All characters distinct. If every character is different, each character at index i has prev = -1 and next = n. Its contribution is (i + 1) * (n - i). The total is the sum of (i + 1)(n - i) for i from 0 to n-1, which equals n(n+1)(n+2)/6. Every character is unique in every substring that contains it.
Modular arithmetic. The problem asks for the result modulo 10^9 + 7. Since all contributions are positive and we only sum them, you can take the modulus at the end or accumulate modularly. No subtraction is involved, so there are no negative-modulus pitfalls.

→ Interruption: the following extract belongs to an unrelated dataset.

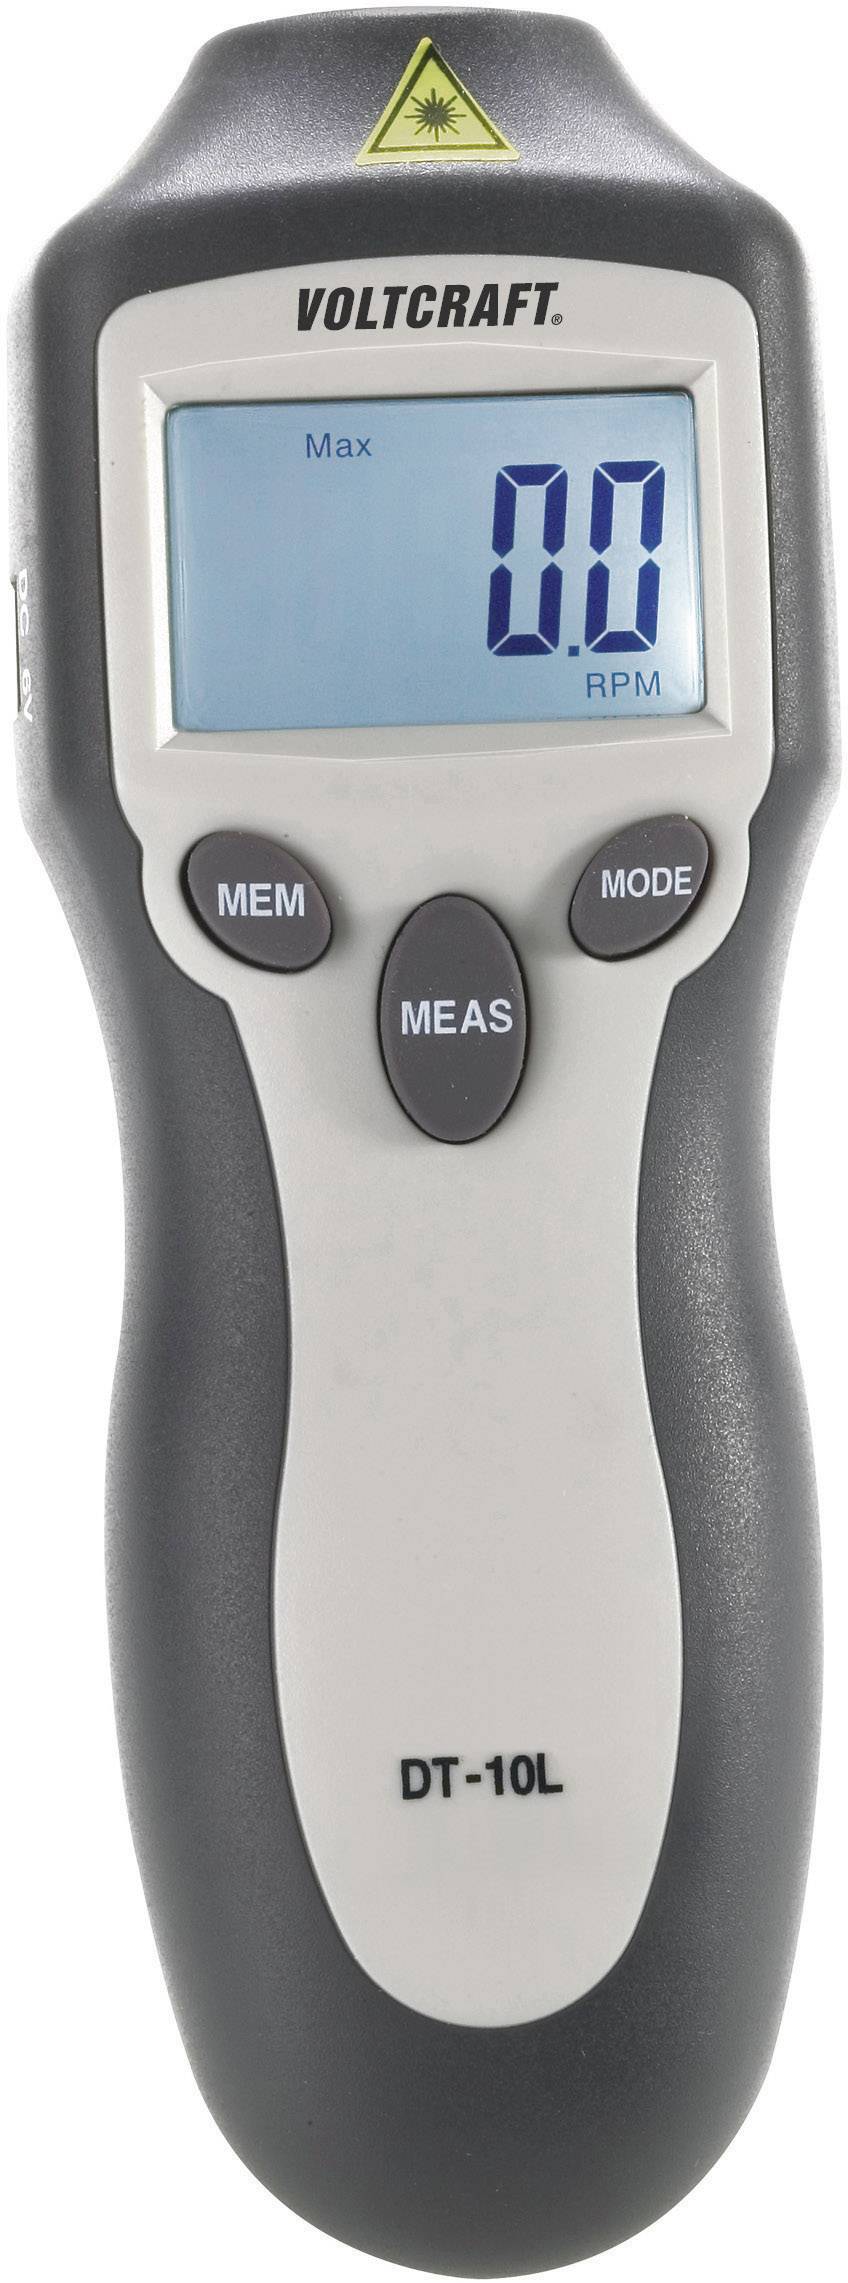 misuratore di giri senza contatto 2.5-99999 giri/min per misuratore di velocità tester di rotazione contagiri senza contatto Contagiri digitale

From understanding to recall
You now understand why contribution counting transforms this problem from O(n^2) to O(n), and how the previous/next occurrence boundaries define each character's contribution. But recognizing this pattern quickly in an interview requires practice. The shift from "iterate over substrings" to "iterate over characters" is the kind of insight that feels obvious after you have seen it a few times, yet remains invisible when you have not.
Drilling this problem with spaced repetition helps you internalize the contribution counting template. Once the formula (i - prev) * (next - i) is automatic, you can apply it to a whole family of substring and subarray summation problems. Contribution counting is one of roughly 60 reusable building blocks in the CodeBricks system, and pairing it with previous/next occurrence tracking covers a significant slice of hard string problems.
Related posts
- Subarray Sum Equals K - Another problem where flipping the perspective from subarrays to prefix sums unlocks an efficient solution.
- Longest Substring Without Repeating Characters - Uses a sliding window to track character uniqueness across substrings.
- Distinct Subsequences - A different counting problem on strings, solved with 2D DP and the match/skip recurrence.
Contribution counting turns a hard substring problem into a clean linear scan. Once you see the pattern, you will reach for it whenever a problem asks you to sum a property across all substrings or subarrays.